Вся оперативная информация, естественно, дол­жна быть у В.А. Крючкова. Решаю позвонить ему:
– Владимир Александрович! Откуда, по вашему мнению, идет нагнетание напряженности, откуда столько разговоров по «штурму», не кажется ли вам возможной в этой неразберихе провокация? Хотелось бы посоветоваться…
– Вопрос сложный, подъезжайте. У меня будут товарищи из минобороны и МВД, посоветуемся…

…Я в кабинете председателя госбезопасности. В четвертом часу Владимиру Александровичу наконец удалось связаться с Ельциным и объясниться по телефону. Была, как я понял из разговора, достигнута договоренность, и Ельцин обещал принять меры по наведению порядка среди перевозбужденных «защитников» Белого дома своими силами... Владимир Александрович заверил Ельцина, что слухи о «штурме» Белого дома – провокация.
Итак, главное было сделано: удалось наладить контакт.

Около двух часов ночи появился от МВД Громов, от минобороны – Варенников и Ачалов. Кроме хозяина кабинета, присутствовали и его заместители...
У всех нас была одна главная мысль. Она варьировалась в разных формах, с разной интонацией и эмоциональностью: избежать кровопролития, не допустить провокации.
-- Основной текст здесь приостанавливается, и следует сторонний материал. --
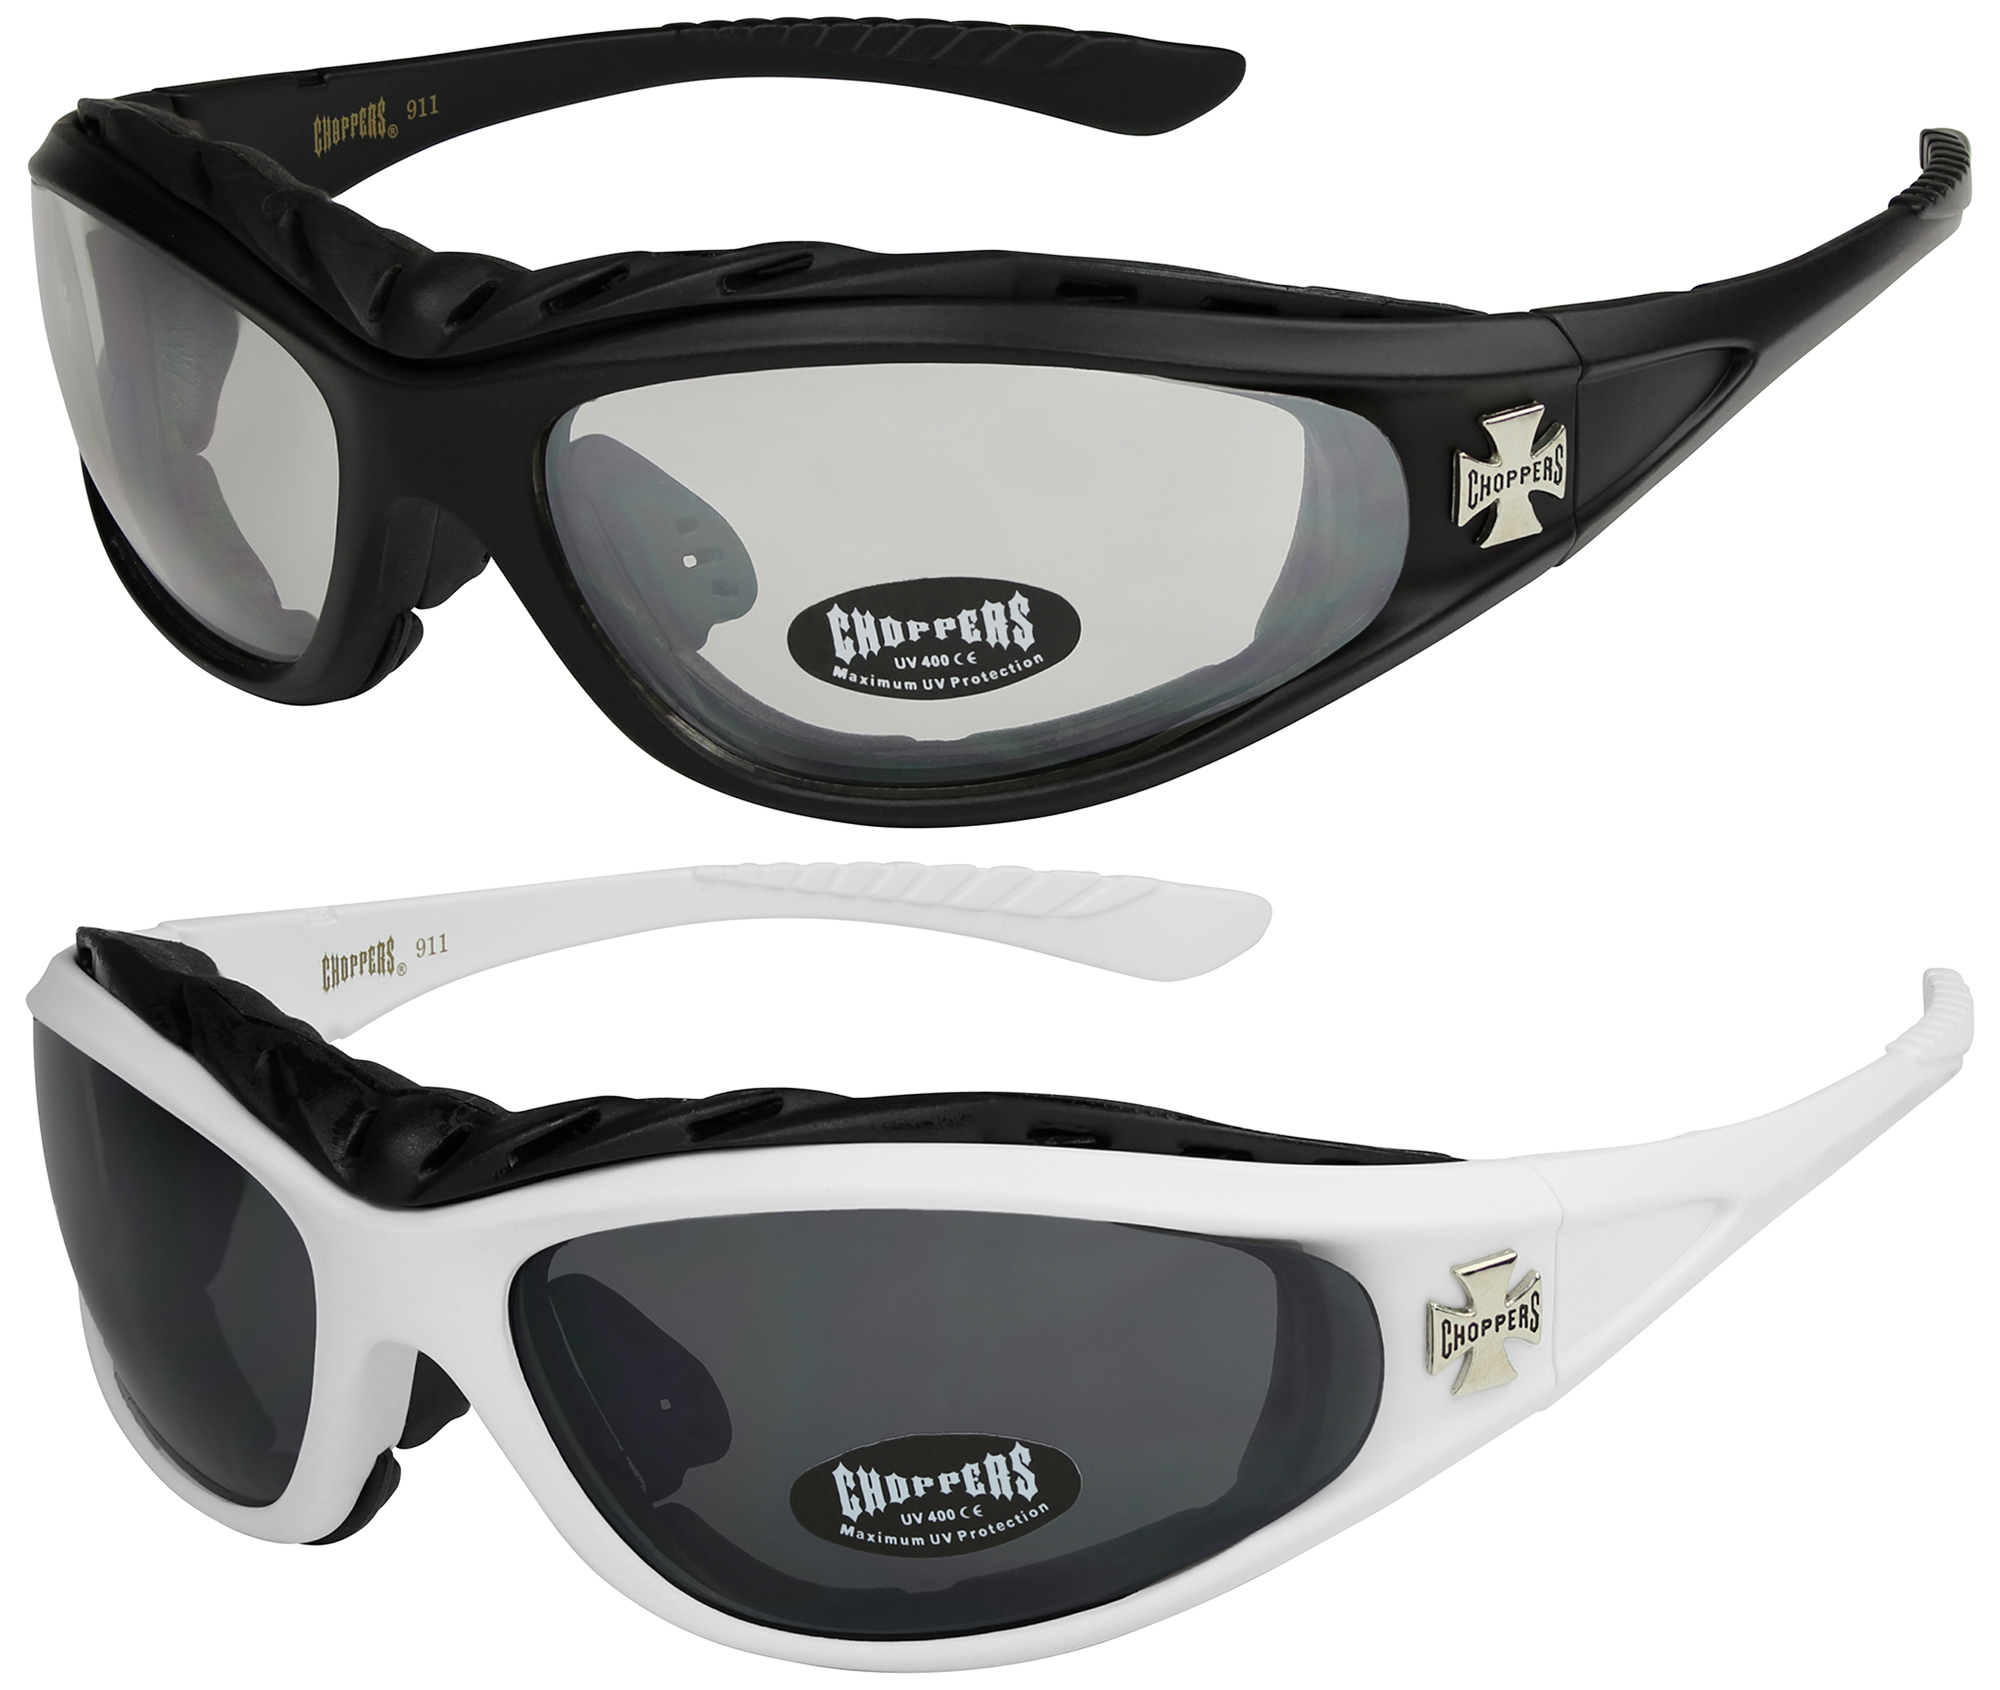 2er Pack Choppers 911 Locs Rad Brille Sonnenbrille Männer Frauen schwarz silber

...Итак, решено: вывести войска, вылететь к Горбачёву, собрать у него руководителей республик, подготовить вопросы о стабилизации положения в стране, о Союзном договоре для рассмотрения на сессии и потом съезде Верховного Совета СССР. К Горбачёву летят В.А. Крючков, Д.Т. Язов, А.И. Тизяков, О.Д. Бакланов, В.А. Ивашко.

22 августа

Я возвращался и возвращался к вопросу, почему мы, прилетев в Форос, не смогли встретиться и переговорить с Горбачёвым, с прилетевшими после нас Руцким, Силаевым и другими. На моих глазах возводилась стена отчуждения между «нами» и «ими» – с «нами» «они» не стали говорить... Что может это значить? Ведь перед сессией Верховного Совета СССР необходимо было посоветоваться, снять возникшие недоразумения, паутину все более накапливавшегося недопонимания, обмана и лжи... Президент РСФСР уклонялся от переговоров, маневрировал в течение понедельника, вторника, среды... Президента СССР предусмотрительно устраивала тактика самоизоляции в течение этого же вре­мени...

До сессии Верховного Совета или съезда остается несколько суток. Судя по обстановке, можно предположить, что эти дни будут использованы во зло, противоборство сторон не угаснет, а приобретет новые формы. Точку, скорее всего, может поставить только Верховный Совет. Вывод: надо идти в Верховный Совет и работать в нем, говорить всю правду, ведь было же даже мне, человеку, мало известному среди депутатов, порядка тридцати звонков с возмущением по поводу возни в Ново-Огарёве, по поводу игнорирования Горбачёвым референдума от 17 марта 1991 года…

Идем на посадку. Вот мы у зала ожидания Внуково-2. Выходим из самолета, много света, направляемся в павильон для встречающих. Вокруг в лучах прожекторов люди, они рассредоточены по одному, двое, трое. Появляется Николай Константинович, мой «прикрепленный», мы рыхлой группой подходим к стеклянным двойным дверям зала. Впереди меня маршал Д.Т. Язов со своим порученцем. Мимо нашей группы пробегают несколько офицеров с автоматами – видимо, из тех, кто летел с нами в самолете...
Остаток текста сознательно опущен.